4.9. HSCCC Separation Procedure
For each separation, the upper phase (stationary phase) was filled up at a flow rate of 30 mL/min in the coiled HSCCC column at first, then the lower phase (mobile phase) was pumped into the outlet of the column at a flow rate of 1 mL/min and the rotator speed was set at 1300 rpm. After hydrodynamic equilibrium was established in the column, the sample solution (1 mL) containing 3 mg of the sample was injected through the injection valve. The effluent from the outlet of the column was continuously monitored at 254 nm by a UV detector (
Figure 2B). After separation, the centrifuge was stopped and the solvents were pumped out from the column with pressurized air and collected in a graduated cylinder to measure the stationary phase retention volume. Twenty batches of
Cnidium monnieri (L) Cusson and standard samples were analyzed by HSCCC.
Apium graveoleus L.var.dulce DC and
Lappula myosotis V. Wolf were also assessed under the same conditions. All separations were performed at room temperature (25 °C).
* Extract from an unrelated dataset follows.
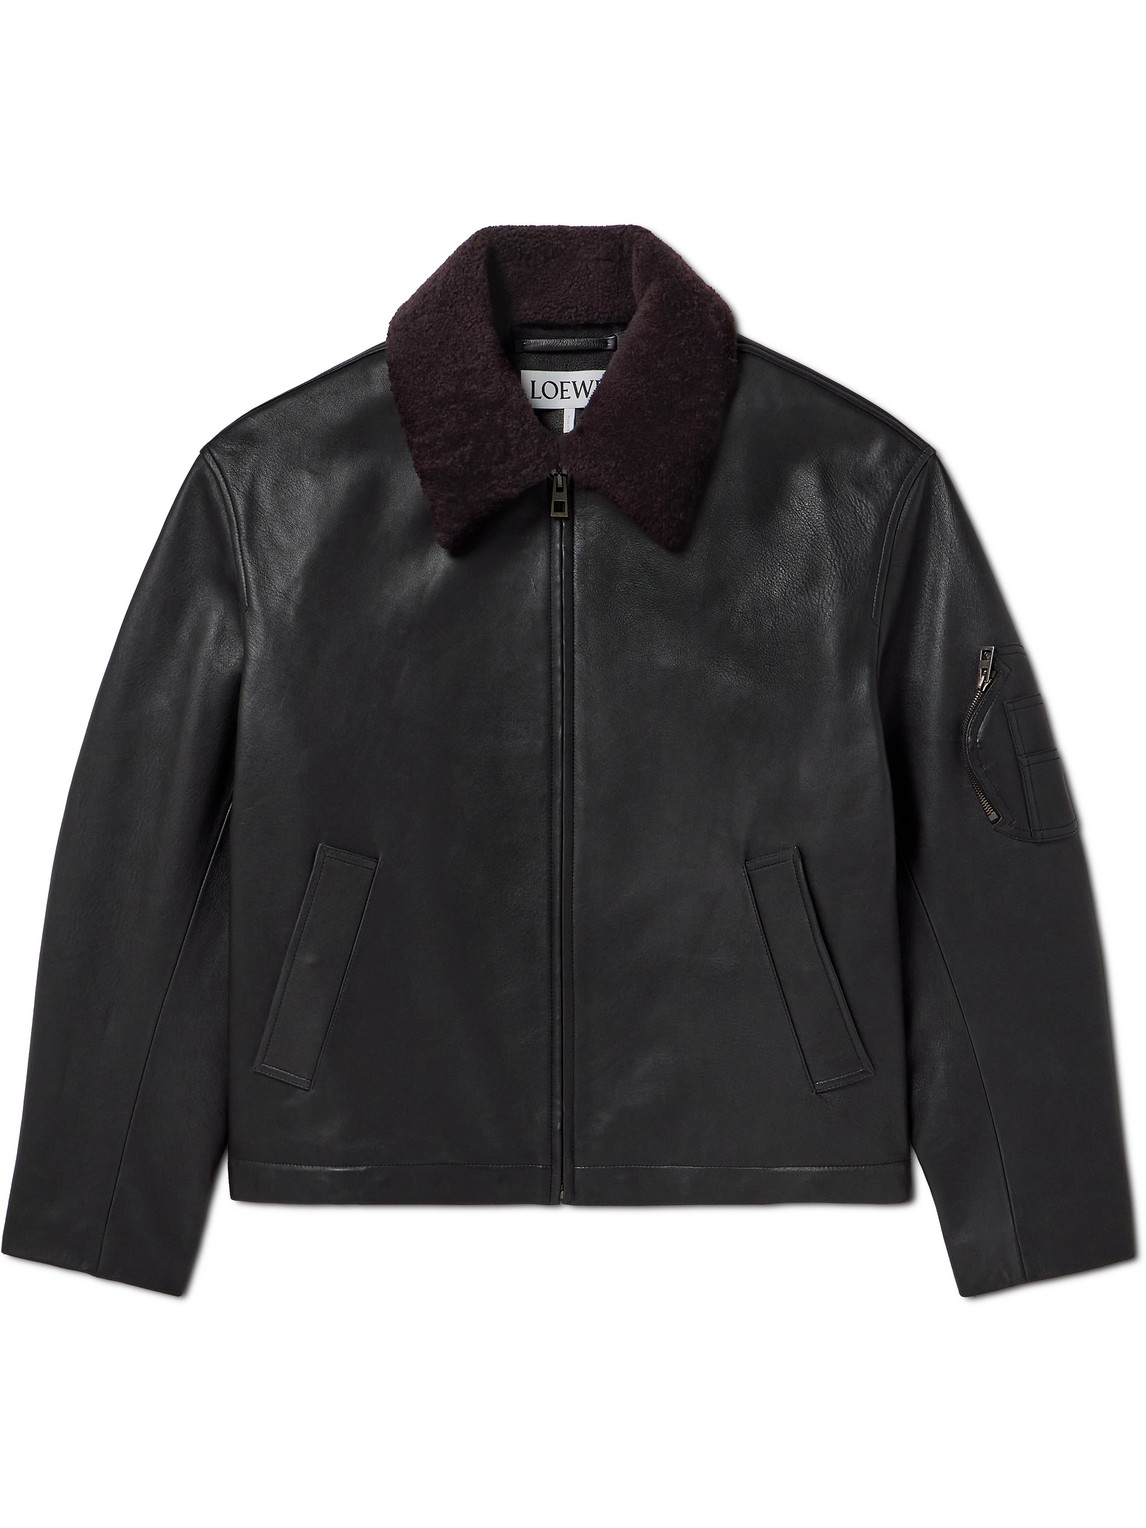 LOEWE - Appliquéd Shearling-Trimmed Leather Jacket - Men - Black - IT 54 von LOEWE

4.10. Fitting and Comparing the Fingerprint of Cnidium monnieri (L.) Cusson
The HSCCC chromatograms of 20 batches of Cnidium monnieri (L.) Cusson were analyzed by the software “similarity evaluation system for chromatographic fingerprint of TCM (2004A)”, which was issued by the National Pharmacopoeia Commission. Control fingerprints and similarity were generated after data processing.
5. Conclusions
HSCCC is widely used in the separation and preparation of TCM, but it was not popularized. Until now, the HSCCC method has only been applied in fingerprint studies on
Salvia miltiorrhiza Bunge [
23]. Semi-preparative HSCCC was used in that work, which took a long time. Nowadays, analytical HSCCC meets the needs of fingerprint studies and can be widely applied in the analysis of TCM. In this study, analytical HSCCC was successfully applied to fingerprint of
Cnidium monnieri (L.) Cusson for the first time. The fingerprint of
Cnidium monnieri (L.) Cusson was established by HSCCC and could easily distinguish the genuine product form counterfeits. This method can be easily used as the first step in quality control, i.e., identification. Next, the fitting curve of
Cnidium monnieri (L.) Cusson was established, which can be used to identify the quality of
Cnidium monnieri (L.) Cusson from different origins and batches. Many complex chemical constituents are present in TCM, and their quality can vary with different sources, batches, and origins. Therefore, this technique can be extended to the quality control of other TCM and provide quality assurance for TCM on the international market.